This study has been terminated.
(Slow accrual)
Information provided by (Responsible Party):
Shishir Kumar Maithel, Emory University Identifier:
First received: July 23, 2010
Last updated: August 19, 2016
Last verified: August 2016

The purpose of this study is to investigate if the investigators can use a specific marker in the pancreatic tumor itself to determine which patients will benefit from receiving combination chemotherapy of gemcitabine and cisplatin after undergoing resection of a pancreatic cancer.

The investigators will also investigate if there is any benefit to receiving both chemotherapy drugs as opposed to only gemcitabine after undergoing complete resection of the tumor.

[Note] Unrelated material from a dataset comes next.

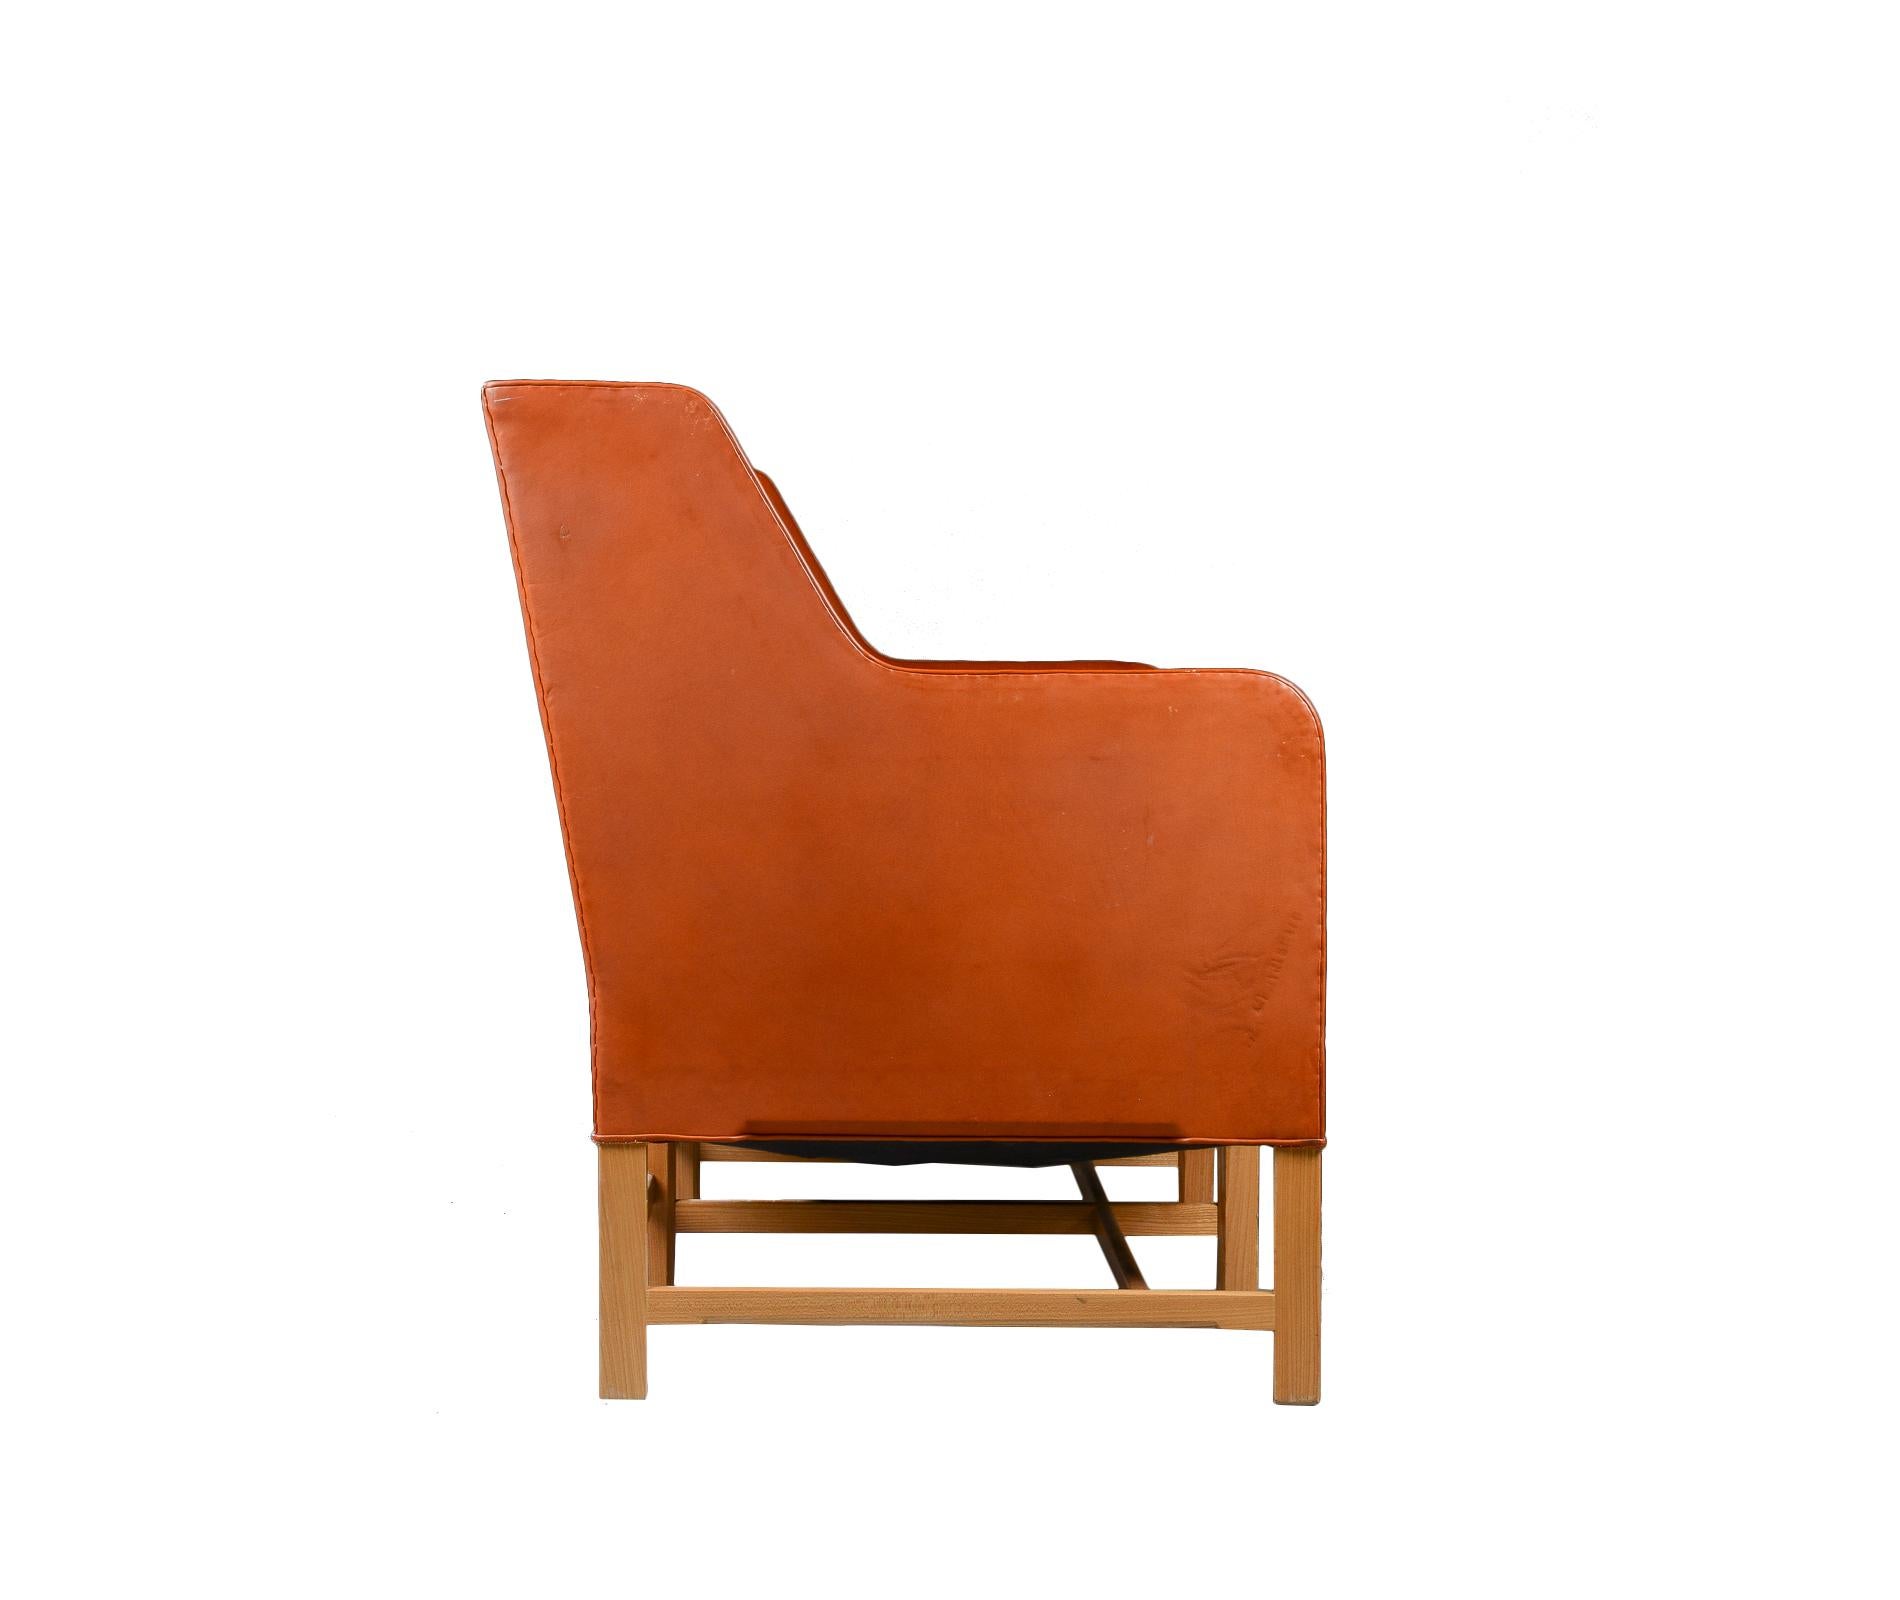 Scandinavian Modern Kaare Klint Three-Seat Sofa in Original Cognac Leather Rud, Rasmussen Danish For Sale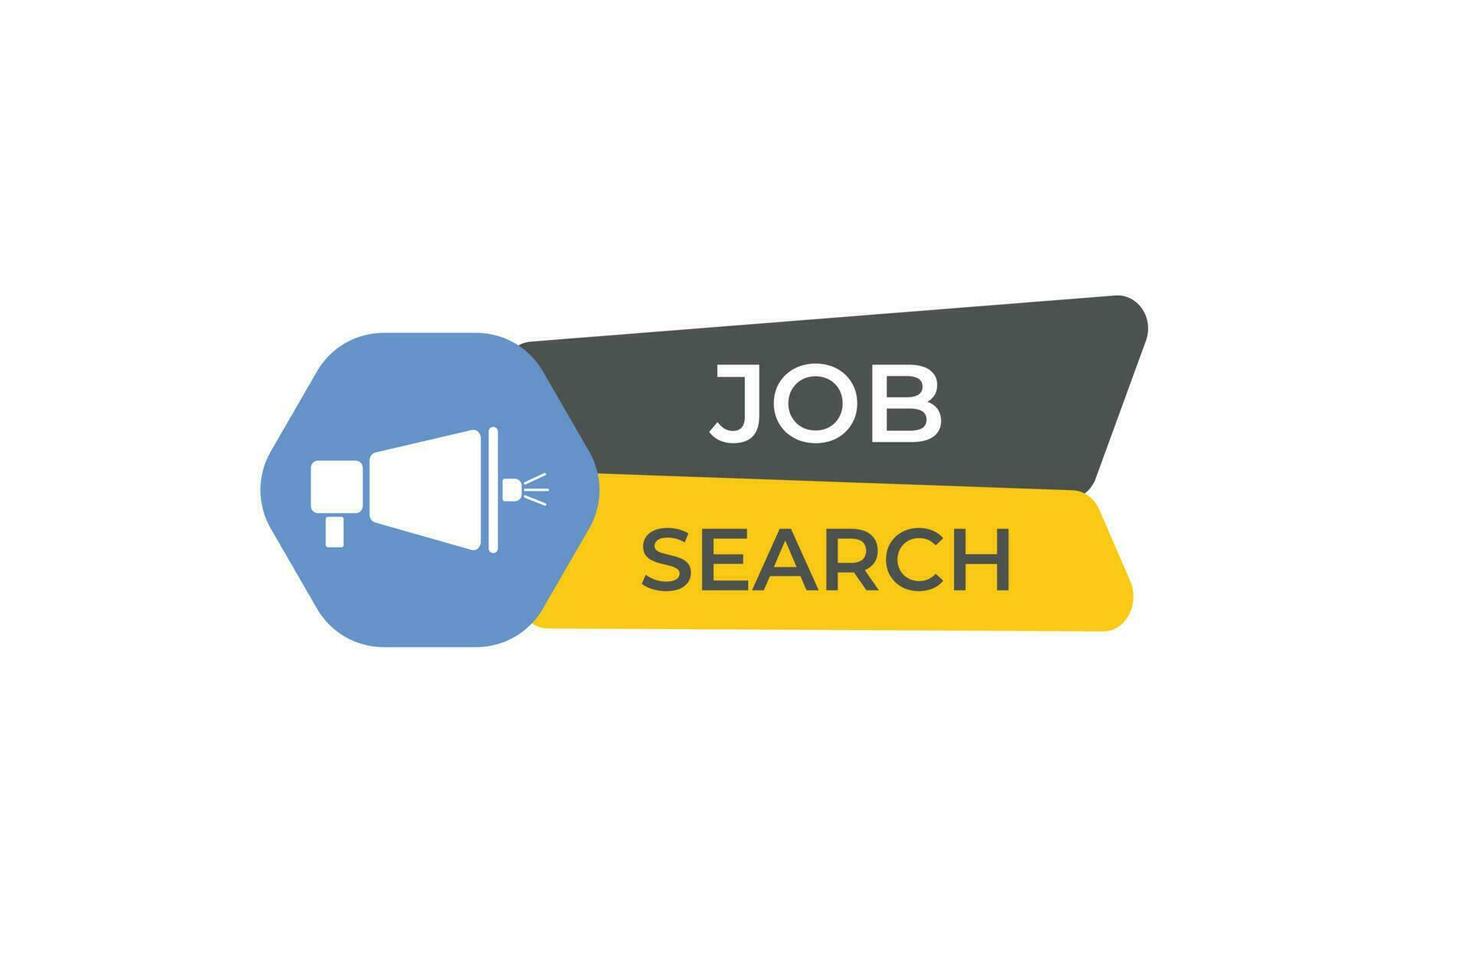 Job Suche Taste. Rede Blase, Banner Etikette Job Suche vektor

Condition Intervention Phase
Pancreatic Neoplasms
Pancreatic Cancer
Drug: Gemcitabine
Drug: Cisplatin
Phase 2

Study Type: Interventional
Study Design: Intervention Model: Single Group Assignment
Masking: Open Label
Primary Purpose: Treatment
Official Title: Gemcitabine/Cisplatin for Resected Pancreas Cancer: Establishing the Role of Excision Repair Cross Complementation Gene 1 (ERCC1) in Treatment Decision

Resource links provided by NLM:

Further study details as provided by Emory University:

Primary Outcome Measures:
  • Recurrence-free Survival as Measured by CT Scan [ Time Frame: Every 3 months and then every 6 months for 2 more years after resection ]
    Clinical data were prospectively collected. Staging was performed using 7th American Committee on Cancer criteria. Patients were followed by radiologic evaluation (CT or MRI) and carbohydrate antigen 19-9 (CA19-9) every 3 months for the first 3 years after resection to assess for recurrence. Subsequently, patients underwent imaging every 6 months.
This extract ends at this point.